No nie lubimy i już. Kierowcy narzekają, bo trzeba zwolnić, bo auto się psuje, bo to i tamto. O progi na Poniatowskiego kłócili się radni miejscy, a jak mówi prezydent, ludziom trzeba mówić, że łamią przepisy…
Te progi to złe są i w ogóle…
- Właściciel drogi poszedł chyba po najmniejszej linii oporu i zainstalował progi, które nadają się jedynie do użycia na placu manewrowym. To chyba najtańsza wersja progu, bo najtaniej kosztują właściciela drogi, a najdrożej korzystających z nich. Trzeba wyhamować tam prawie do zera. Ludzie jak mogą to kombinują, przelatują między tymi wysepkami, policja ściga, karze mandatami po 500 zł, bo kierowcy przekraczają prawo, dlatego myślę, że dobrze by było zainstalować więcej tych progów, ale na tyle łagodnych, które by spowalniały samochody, dawały bezpieczeństwo przechodniom i też jeżdżącym- mówił Franciszek Zaborowski.

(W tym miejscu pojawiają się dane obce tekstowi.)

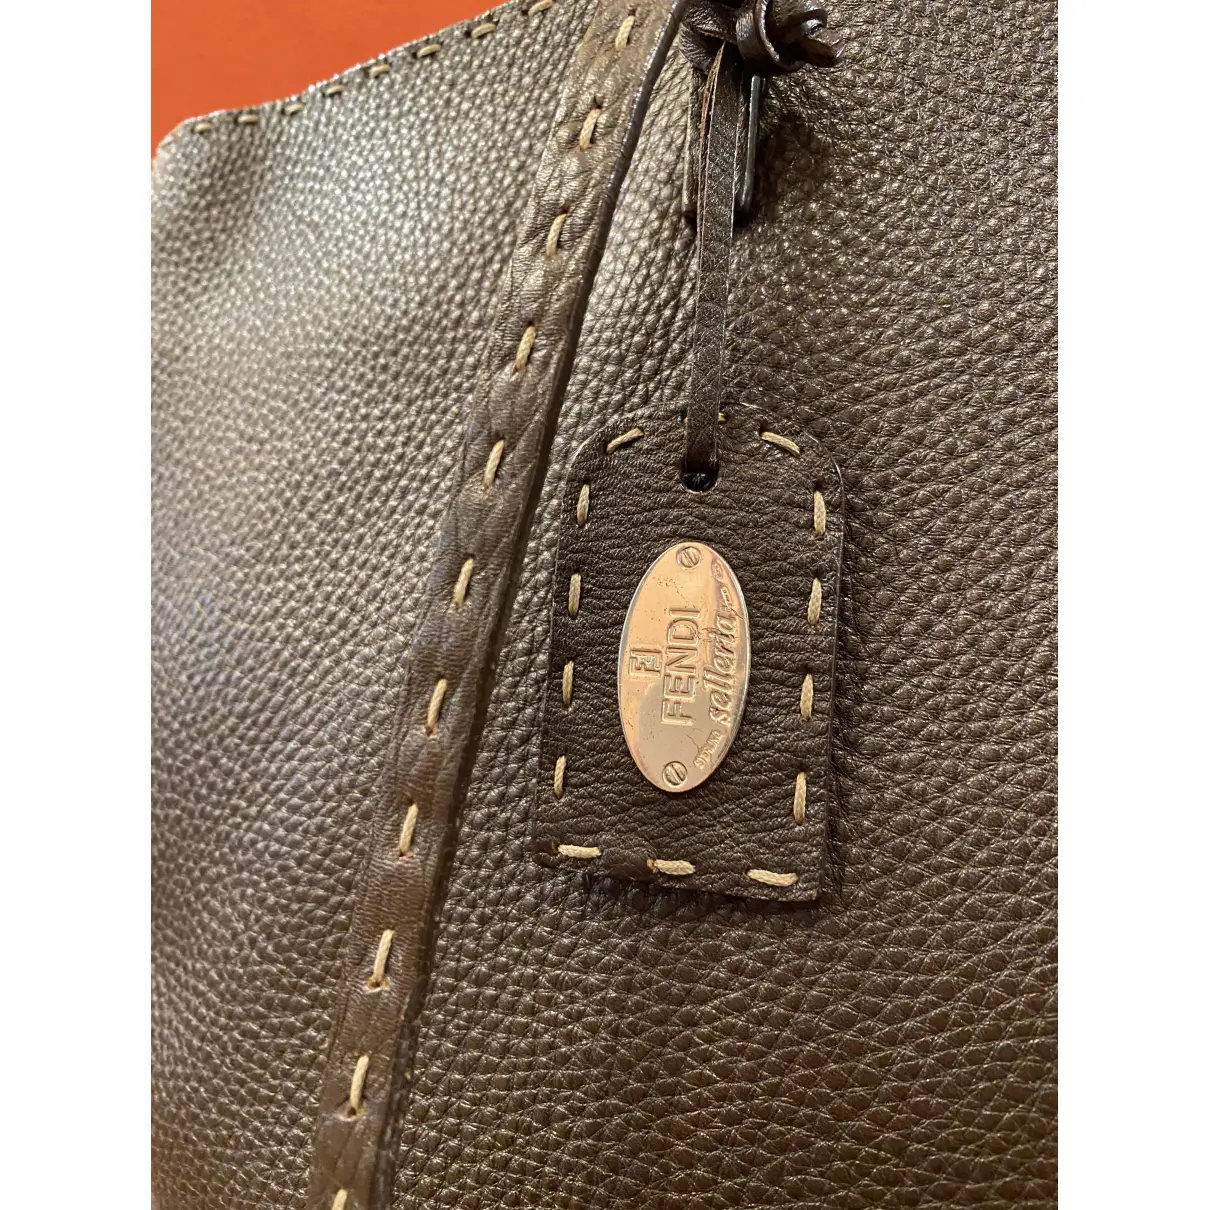 Buy Fendi Carla Selleria leather tote online

Podczas sesji Rady Miasta obecny był starosta stalowowolski, który pod swoją jurysdykcją ma ulicę Poniatowskiego w Stalowej Woli. Włodarz powiatu przypomniał, że droga ta już w 2017 roku będzie gruntownie zmodernizowana.
- W tej chwili zostały dokończone wszelkie czynności dotyczące przejęcia gruntu, czyli uporządkowanie spraw własnościowych, bo to nie było zrobione. Bardzo często mieszkańcy Stalowej Woli piszą na forach, że ta inwestycja powinna być dawno zrobiona, że to jest jakby nasz nieudolność, że brak pomysłów itd. To nie jest tak do końca. Ta inwestycja była nieprzygotowana. Dopiero w tym roku skończyliśmy jej przygotowanie i de facto możemy robić remont w 2017 roku- mówi starosta powiatowy.
Na Poniatowskiego huk roboty zanim będzie jak trzeba
Janusz Zarzeczny pokreślił, że droga przejdzie remont dzięki współpracy Miasta i Powiatu. Inwestycja może kosztować nawet 12- 16 mln zł (nawierzchnia drogi, prace ziemne, kanalizacja, ścieżki rowerowe i chodniki dwustronne).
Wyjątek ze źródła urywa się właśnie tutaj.